En ocasiones, el fallecido deja testamento nombrando beneficiarios que no forman parte de su círculo más cercano. En otras, la herencia se tramita conforme a las reglas de la sucesión intestada cuando no existe testamento, siguiendo el orden de parentesco establecido en el Código Civil. También puede suceder que los herederos desconocidos residan en otra provincia o incluso en otro país, lo que dificulta su localización.

El primer paso: saber si existe testamento

Cuando se tiene constancia del fallecimiento de un posible familiar, el procedimiento comienza solicitando el certificado de actos de última voluntad. Este documento permite conocer si el fallecido otorgó testamento y ante qué notario lo hizo. Con esa información será posible solicitar una copia autorizada del testamento a la notaría correspondiente, siempre que quien la solicite tenga interés legítimo como posible heredero.

Para obtener este certificado es necesario presentar previamente el certificado literal de defunción y realizar la solicitud ante el Ministerio de la Presidencia, Justicia y Relaciones con las Cortes. Se trata de uno de los documentos más importantes de todo el proceso, ya que permite determinar cuál fue la última voluntad del fallecido.

¿Y si no hay testamento?

La ausencia de testamento no significa que no exista herencia. En estos casos debe iniciarse una declaración de herederos, un procedimiento que determina quiénes tienen derecho a heredar según el orden fijado por la legislación civil.

Con carácter general, heredan primero los descendientes; después los ascendientes; posteriormente el cónyuge viudo y, si no existen estos familiares, entran en juego los hermanos, sobrinos y otros parientes hasta el cuarto grado de consanguinidad. Si no aparecen herederos con derecho legal, la herencia puede terminar correspondiendo al Estado.

Cómo comprobar si tienes derechos hereditarios

Cuando existen sospechas razonables de que una persona puede figurar como heredera, conviene seguir varios pasos. El primero consiste en recopilar toda la documentación familiar disponible para acreditar el parentesco.

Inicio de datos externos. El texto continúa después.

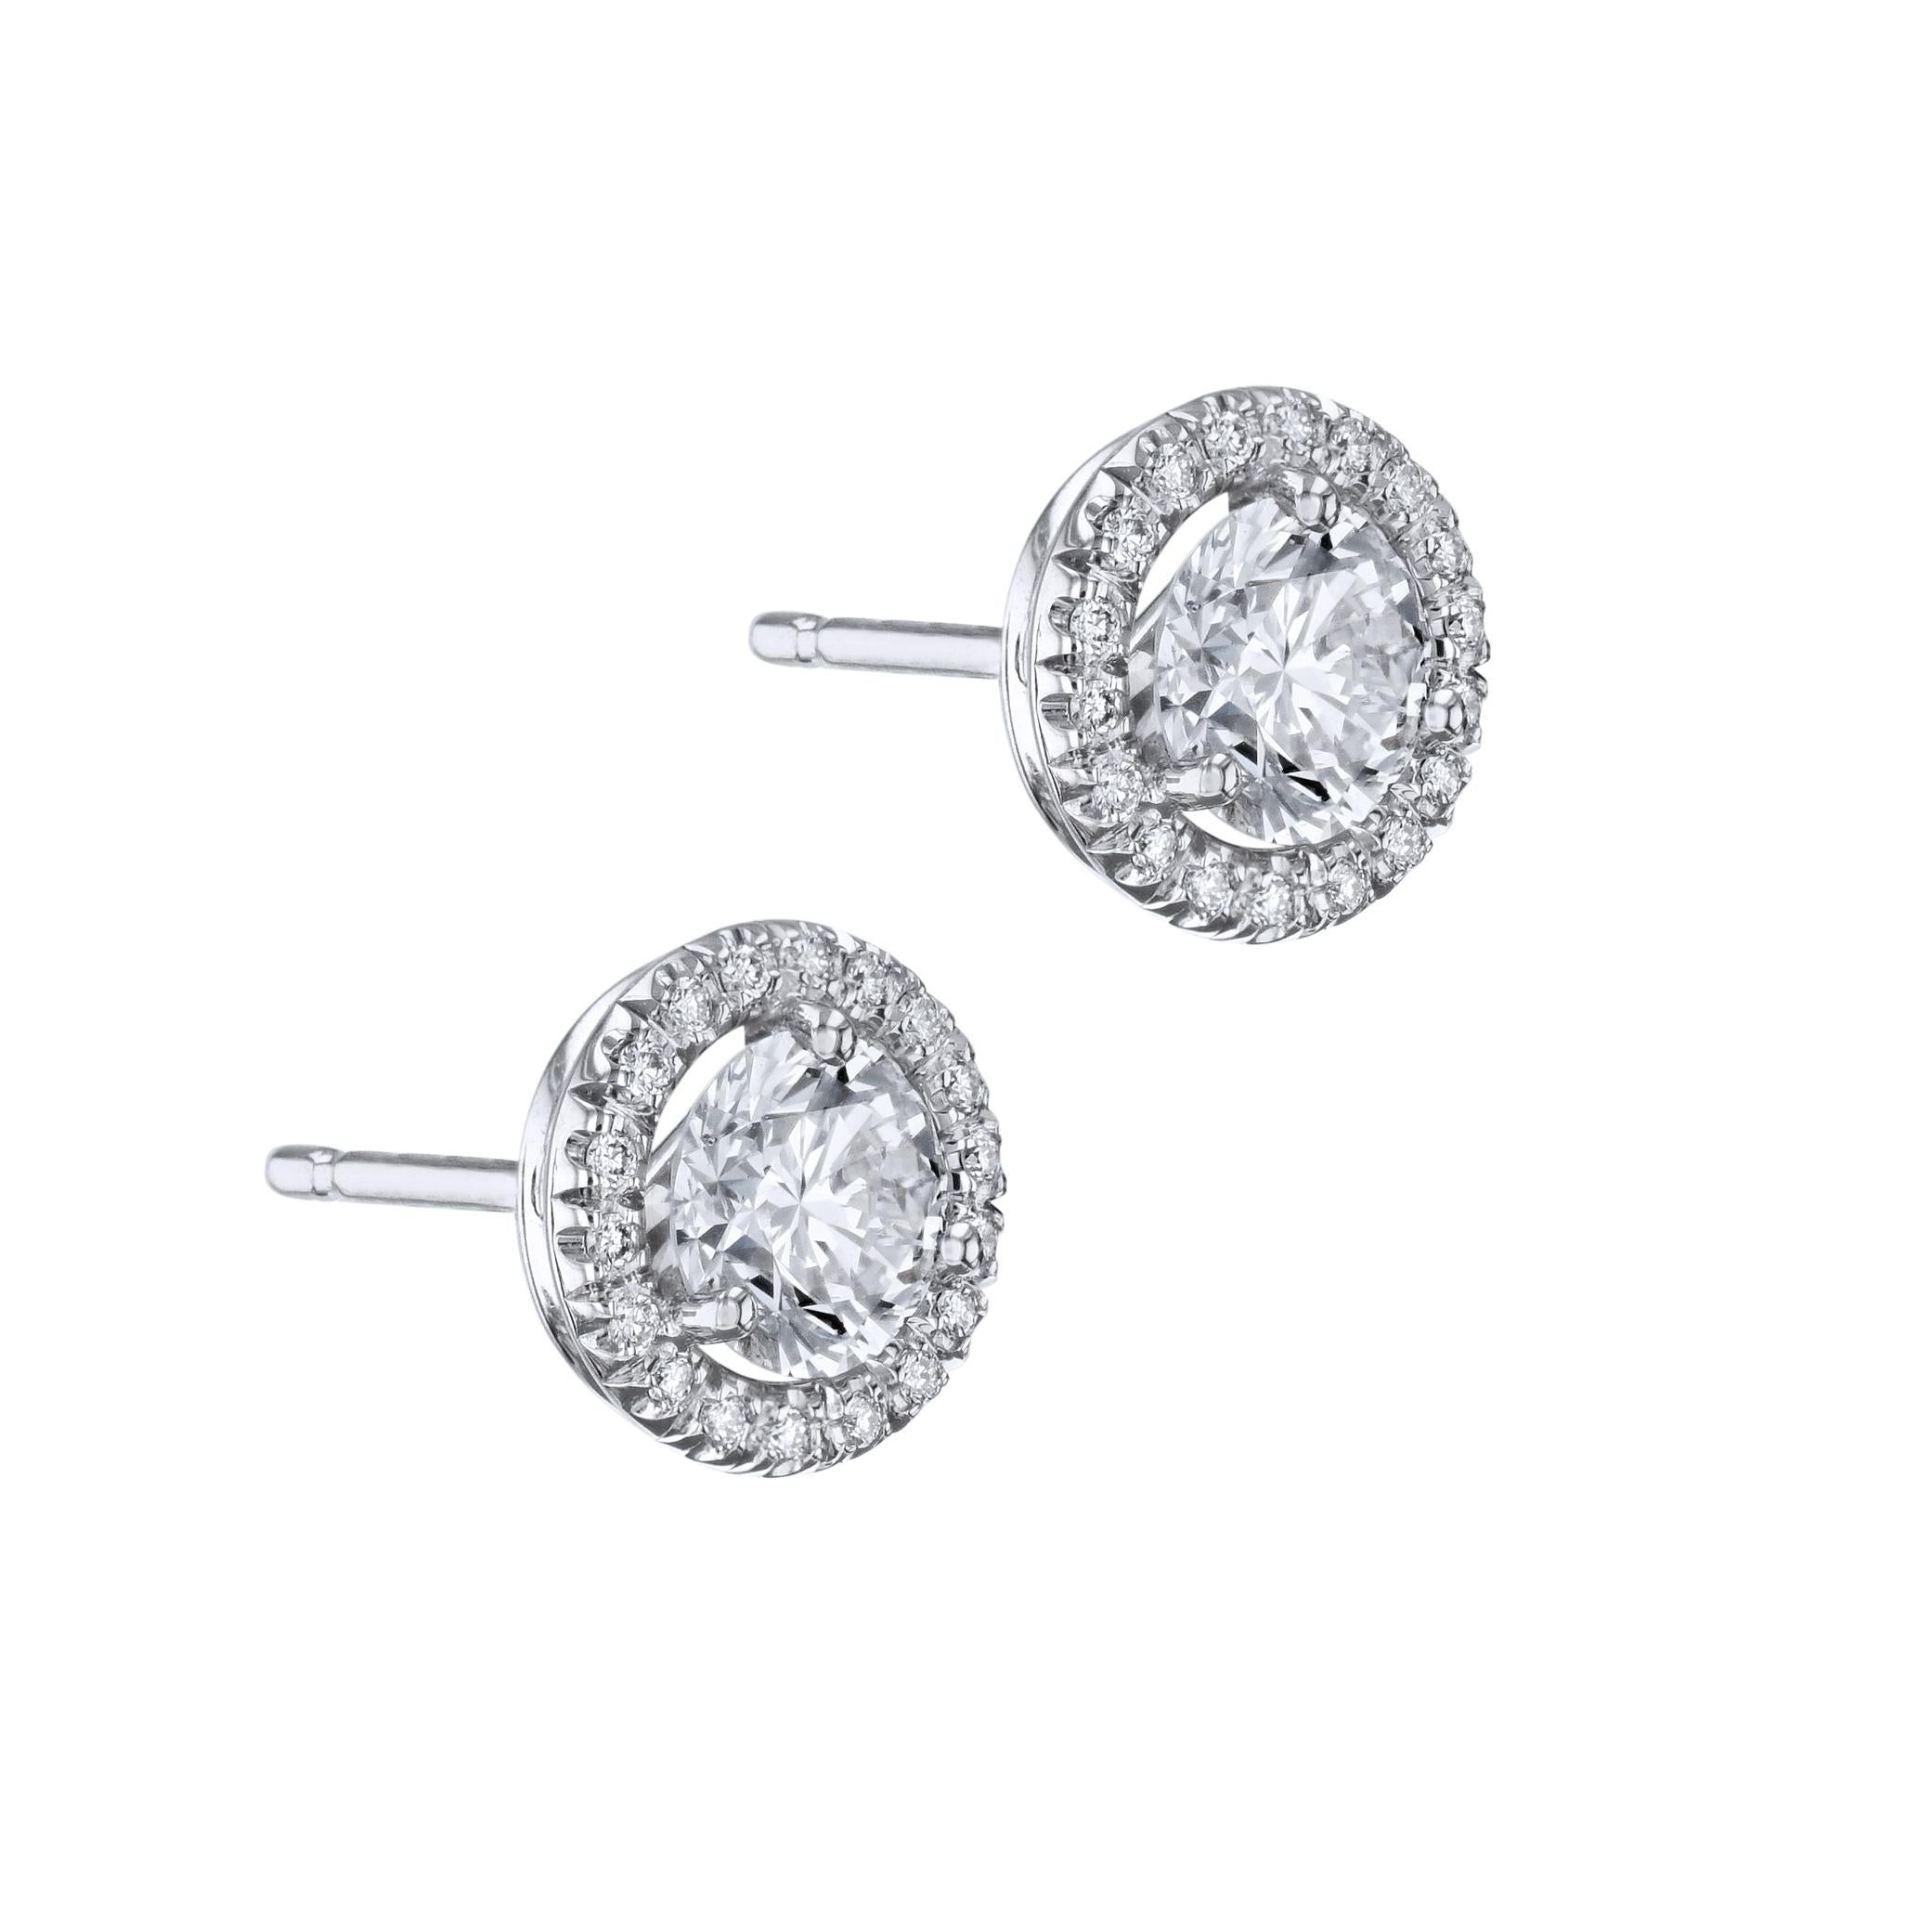 Schimmern Sie elegant mit unseren Diamant- und Pave-Ohrsteckern. Sie sind aus 18-karätigem Weißgold gefertigt und haben in der Mitte einen Diamanten, der für zusätzlichen Glanz sorgt. Diese wunderschönen, handgefertigten Ohrstecker mit Diamanten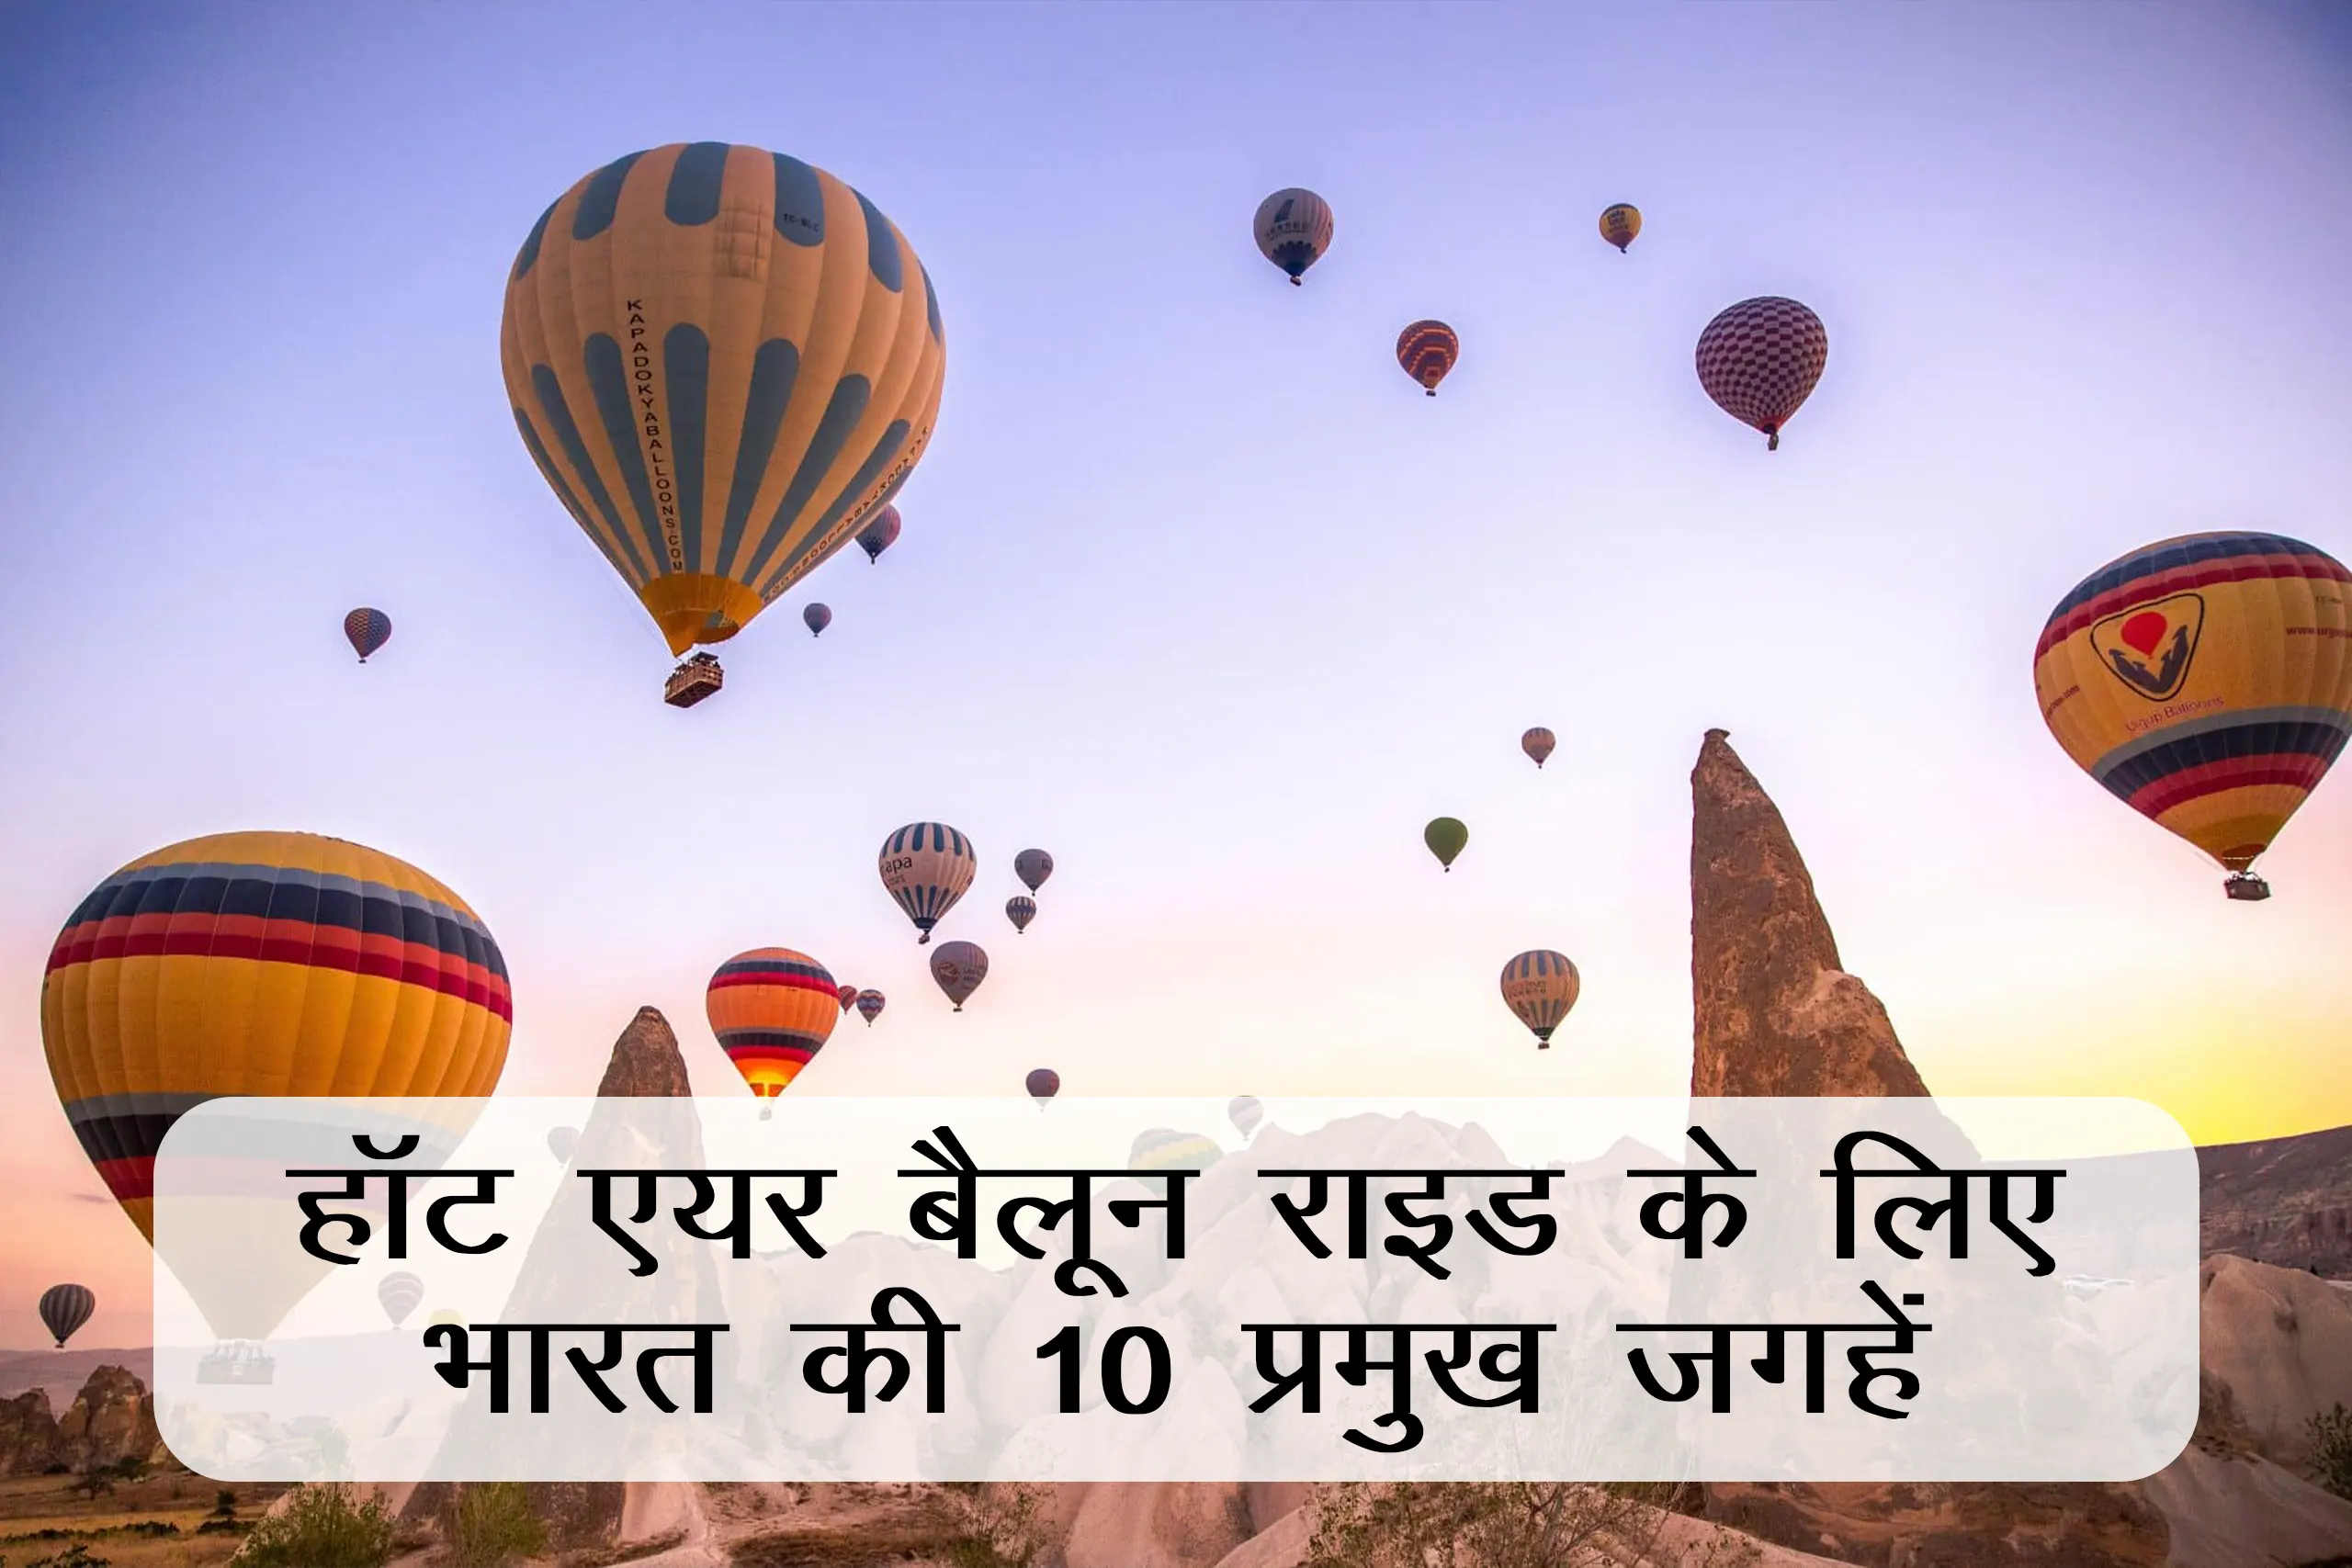 हॉट एयर बैलून राइड के लिए भारत की 10 प्रमुख जगहें

Después resulta recomendable solicitar el certificado de últimas voluntades y, si existe testamento, conocer su contenido. Si no lo hay, será necesario acreditar el vínculo familiar mediante certificados de nacimiento, matrimonio u otros documentos del Registro Civil para participar en la declaración de herederos.

En situaciones especialmente complejas, cuando existen ramas familiares extensas o se desconoce el patrimonio del fallecido, suele ser aconsejable contar con el asesoramiento de un notario o de un abogado especializado en derecho sucesorio.

Cuidado con los plazos

Uno de los errores más habituales consiste en pensar que una herencia puede reclamarse en cualquier momento. Aunque la aceptación de la herencia no está sometida a un plazo general único en todos los casos, sí existen importantes límites temporales relacionados con cuestiones fiscales, reclamaciones entre herederos o acciones judiciales.

Por ejemplo, el Impuesto sobre Sucesiones y Donaciones debe presentarse, con carácter general, dentro de los seis meses siguientes al fallecimiento, aunque puede solicitarse una prórroga en determinadas circunstancias.

Además, dejar transcurrir demasiado tiempo puede dificultar la obtención de documentación, la localización de bienes o la defensa de determinados derechos.

¿Qué pasa con las herencias que nadie reclama?

Cuando no aparecen herederos testamentarios ni legales, o nadie acepta finalmente la herencia, el patrimonio no queda abandonado indefinidamente. La legislación española prevé que, tras seguir el procedimiento correspondiente y comprobar que no existen personas con derecho a heredar, sea el Estado quien adquiera esos bienes.

Por ese motivo, si una persona cree que puede tener derechos sucesorios sobre un patrimonio familiar, resulta aconsejable informarse cuanto antes y reunir toda la documentación posible.